*SOURCE DATA*
┌──

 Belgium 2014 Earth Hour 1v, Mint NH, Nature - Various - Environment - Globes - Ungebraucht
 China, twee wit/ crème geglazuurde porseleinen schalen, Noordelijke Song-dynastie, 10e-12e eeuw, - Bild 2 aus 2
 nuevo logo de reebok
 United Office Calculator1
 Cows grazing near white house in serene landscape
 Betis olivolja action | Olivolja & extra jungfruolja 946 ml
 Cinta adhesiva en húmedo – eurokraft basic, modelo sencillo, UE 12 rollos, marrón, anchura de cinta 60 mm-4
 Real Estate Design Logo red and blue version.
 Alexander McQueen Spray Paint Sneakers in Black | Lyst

└──

*EXERCISE DESCRIPTION*
Return each line of the data exactly as it was given.

*TASK RESPONSE*
 Belgium 2014 Earth Hour 1v, Mint NH, Nature - Various - Environment - Globes - Ungebraucht
 China, twee wit/ crème geglazuurde porseleinen schalen, Noordelijke Song-dynastie, 10e-12e eeuw, - Bild 2 aus 2
 nuevo logo de reebok
 United Office Calculator1
 Cows grazing near white house in serene landscape
 Betis olivolja action | Olivolja & extra jungfruolja 946 ml
 Cinta adhesiva en húmedo – eurokraft basic, modelo sencillo, UE 12 rollos, marrón, anchura de cinta 60 mm-4
 Real Estate Design Logo red and blue version.
 Alexander McQueen Spray Paint Sneakers in Black | Lyst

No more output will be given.